*WORK TO COMPLETE*. With the pictures set aside, write out all of the data exactly as it stands.

---------- SUPPLIED DATA ----------

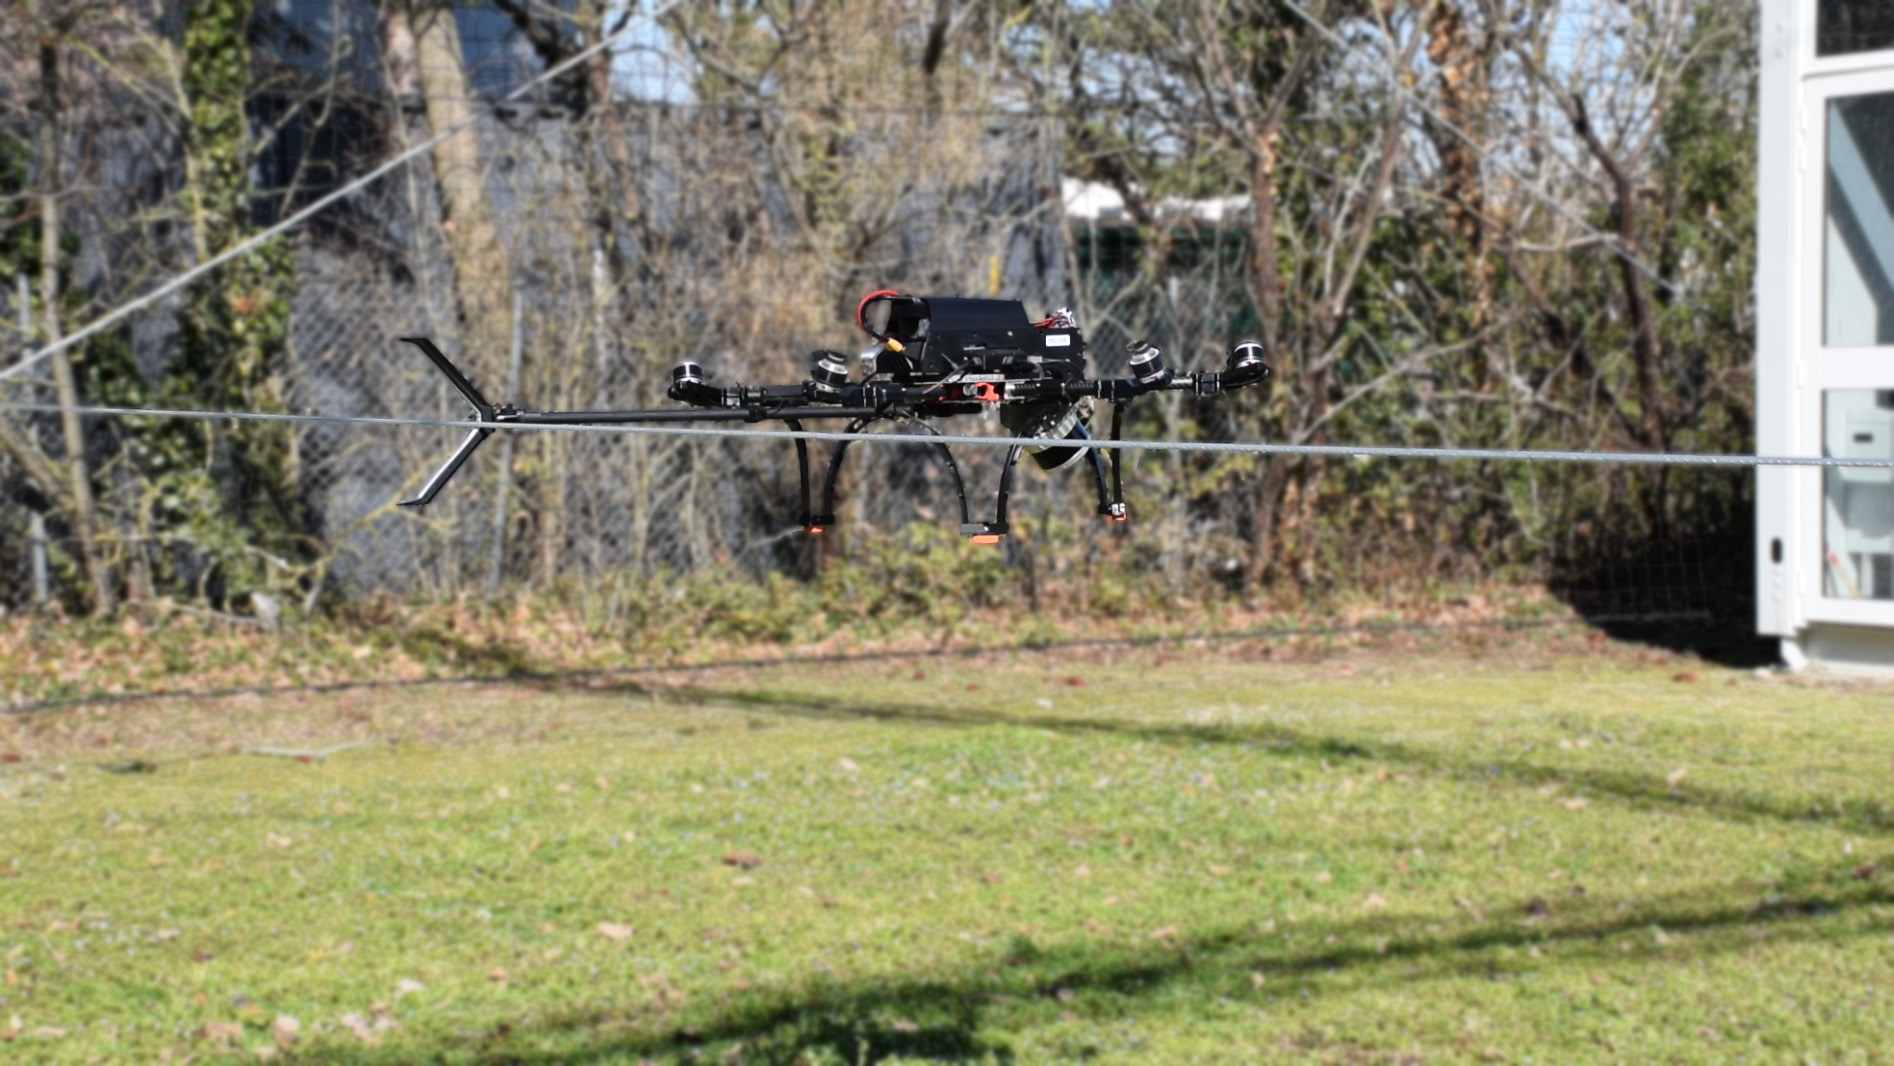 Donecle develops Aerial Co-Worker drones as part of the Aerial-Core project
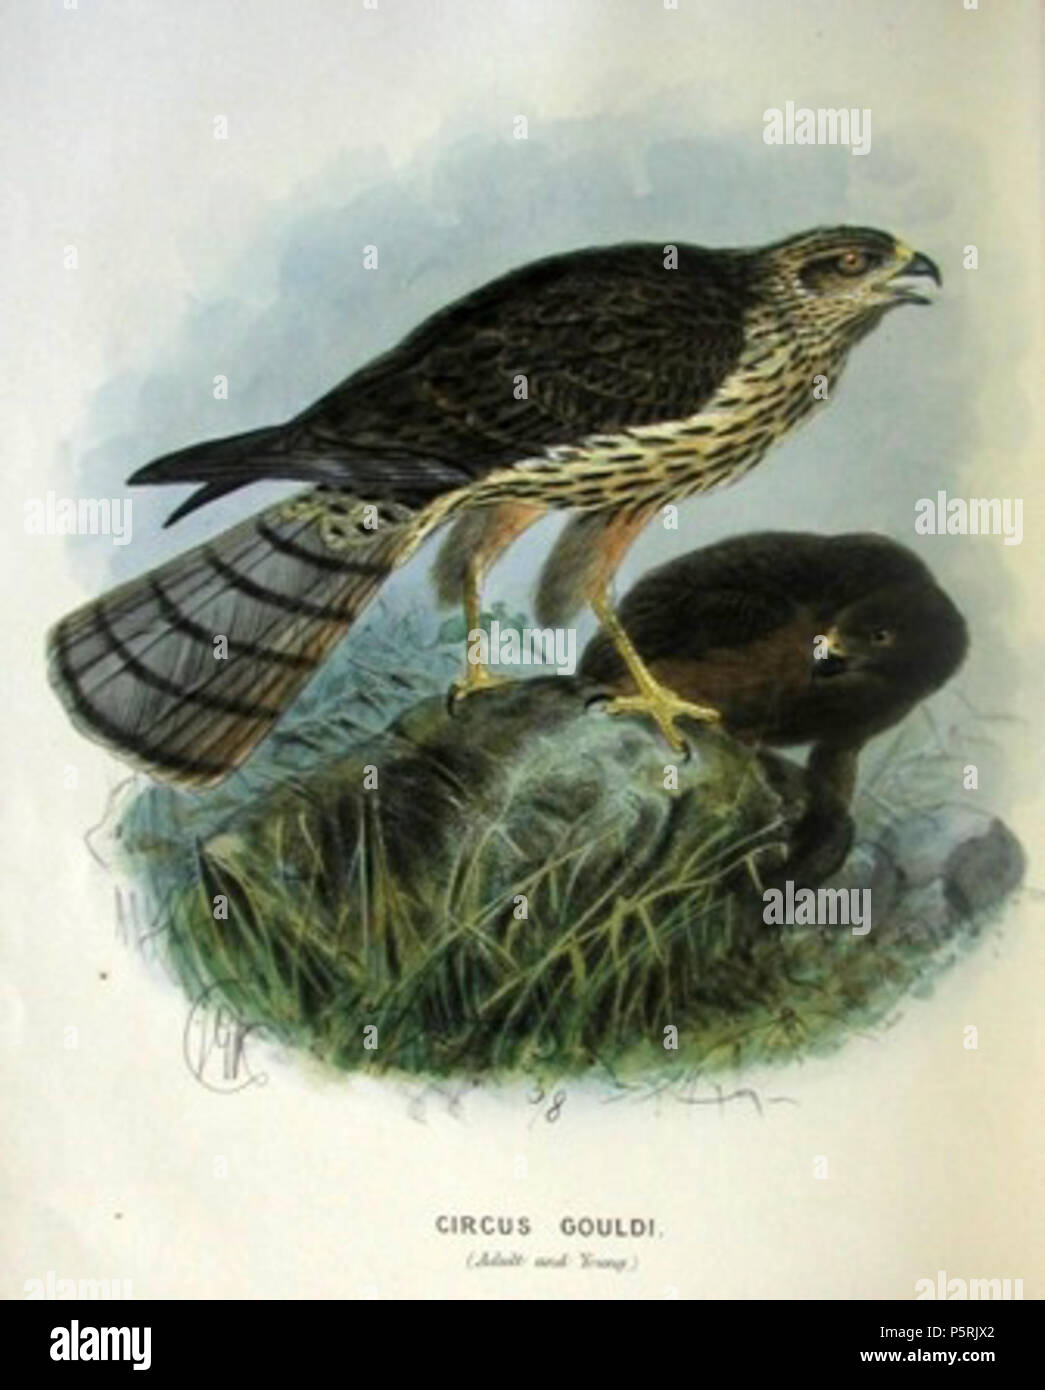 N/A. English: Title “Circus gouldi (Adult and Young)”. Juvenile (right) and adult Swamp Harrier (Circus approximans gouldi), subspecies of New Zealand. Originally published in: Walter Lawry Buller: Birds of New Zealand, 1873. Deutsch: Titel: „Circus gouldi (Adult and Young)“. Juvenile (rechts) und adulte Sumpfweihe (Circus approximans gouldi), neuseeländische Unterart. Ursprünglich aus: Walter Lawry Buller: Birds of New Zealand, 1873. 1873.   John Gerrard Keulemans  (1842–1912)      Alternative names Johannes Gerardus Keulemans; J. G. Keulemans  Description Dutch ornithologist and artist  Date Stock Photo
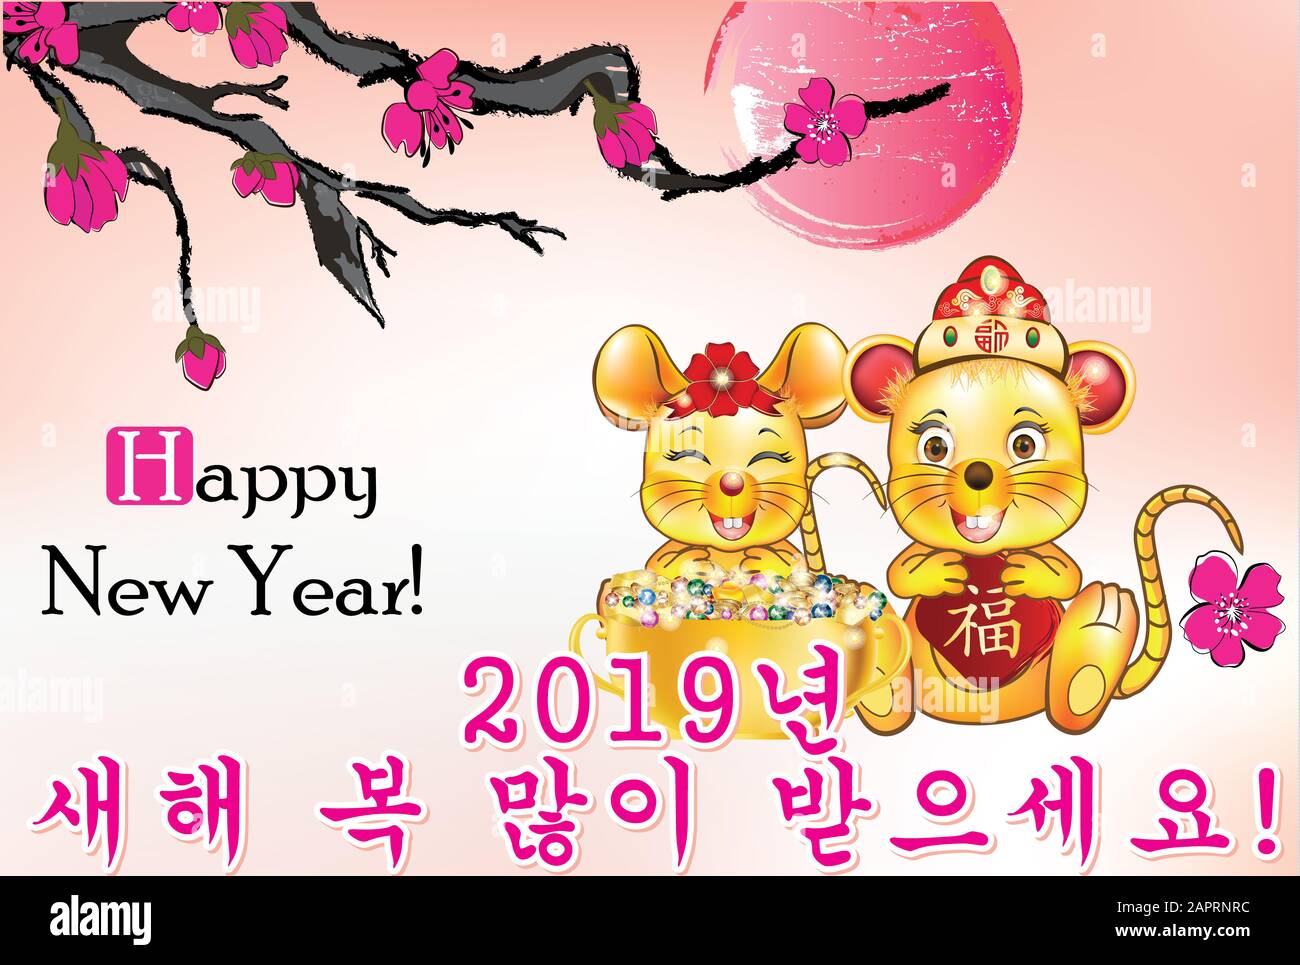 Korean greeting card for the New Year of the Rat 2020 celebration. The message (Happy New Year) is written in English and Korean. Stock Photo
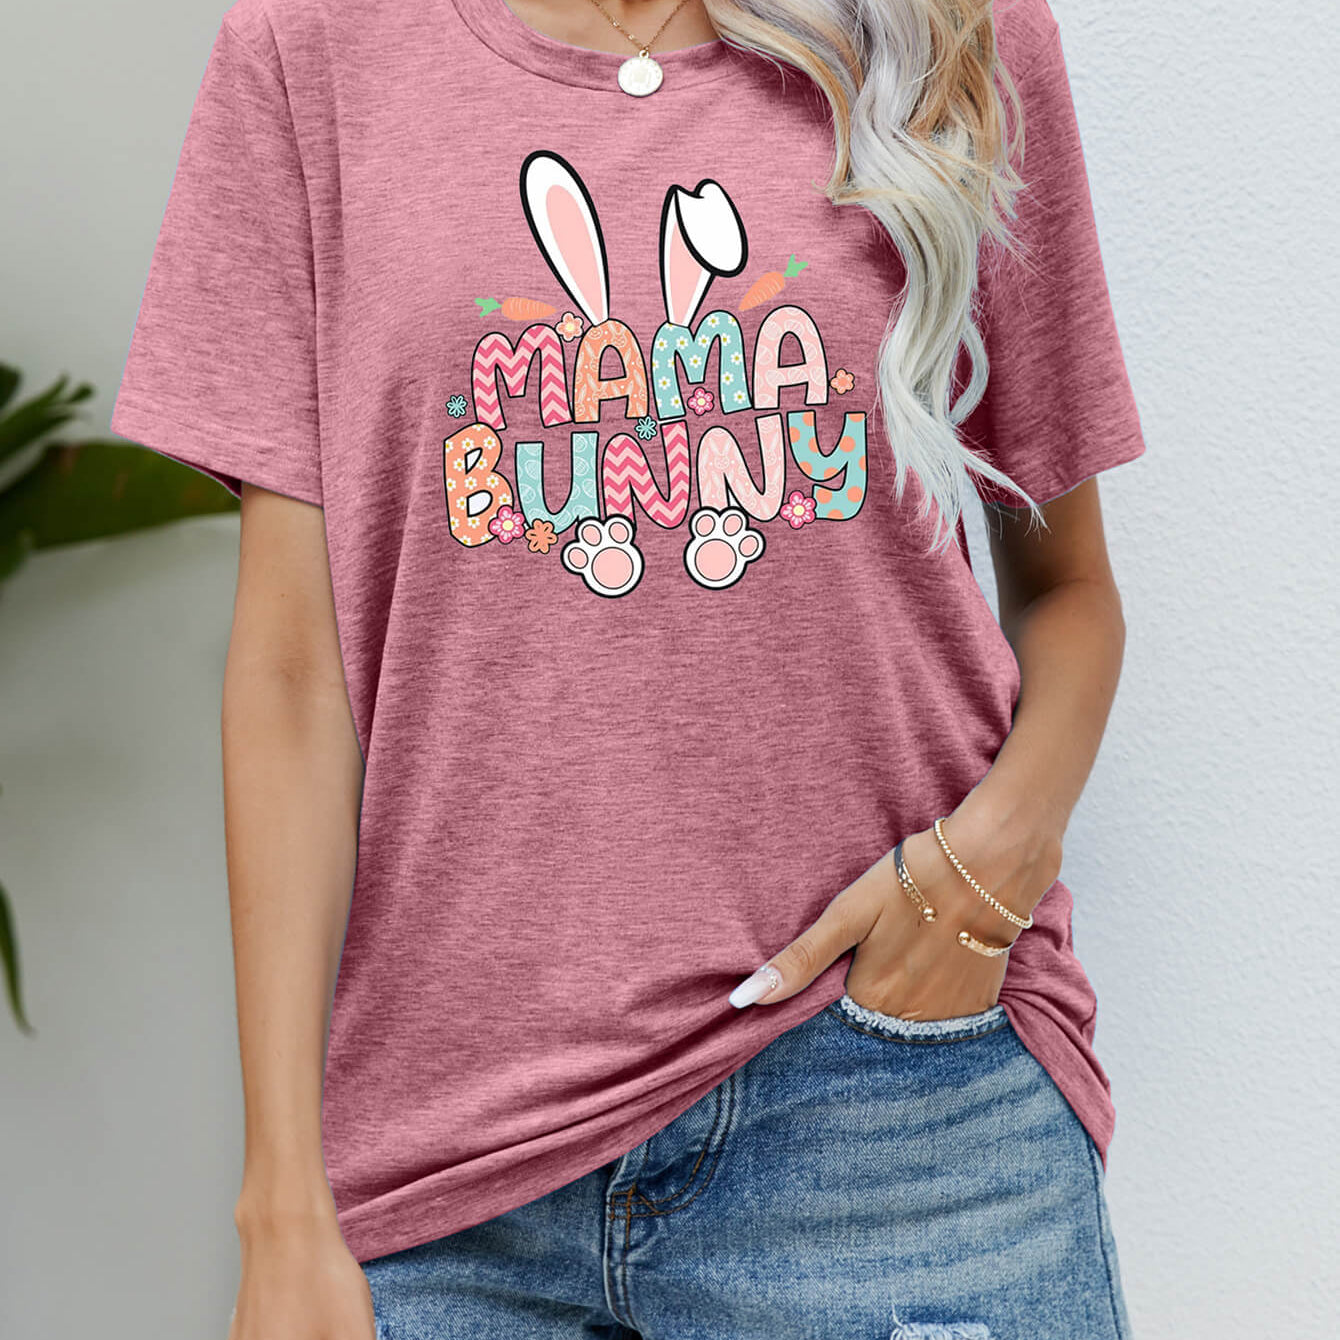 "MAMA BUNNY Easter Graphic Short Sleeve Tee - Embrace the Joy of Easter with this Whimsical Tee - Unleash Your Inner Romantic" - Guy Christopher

----------

*RESPONSE*.
 Donecle develops Aerial Co-Worker drones as part of the Aerial-Core project
 N/A. English: Title “Circus gouldi (Adult and Young)”. Juvenile (right) and adult Swamp Harrier (Circus approximans gouldi), subspecies of New Zealand. Originally published in: Walter Lawry Buller: Birds of New Zealand, 1873. Deutsch: Titel: „Circus gouldi (Adult and Young)“. Juvenile (rechts) und adulte Sumpfweihe (Circus approximans gouldi), neuseeländische Unterart. Ursprünglich aus: Walter Lawry Buller: Birds of New Zealand, 1873. 1873.   John Gerrard Keulemans  (1842–1912)      Alternative names Johannes Gerardus Keulemans; J. G. Keulemans  Description Dutch ornithologist and artist  Date Stock Photo
 Korean greeting card for the New Year of the Rat 2020 celebration. The message (Happy New Year) is written in English and Korean. Stock Photo
 "MAMA BUNNY Easter Graphic Short Sleeve Tee - Embrace the Joy of Easter with this Whimsical Tee - Unleash Your Inner Romantic" - Guy Christopher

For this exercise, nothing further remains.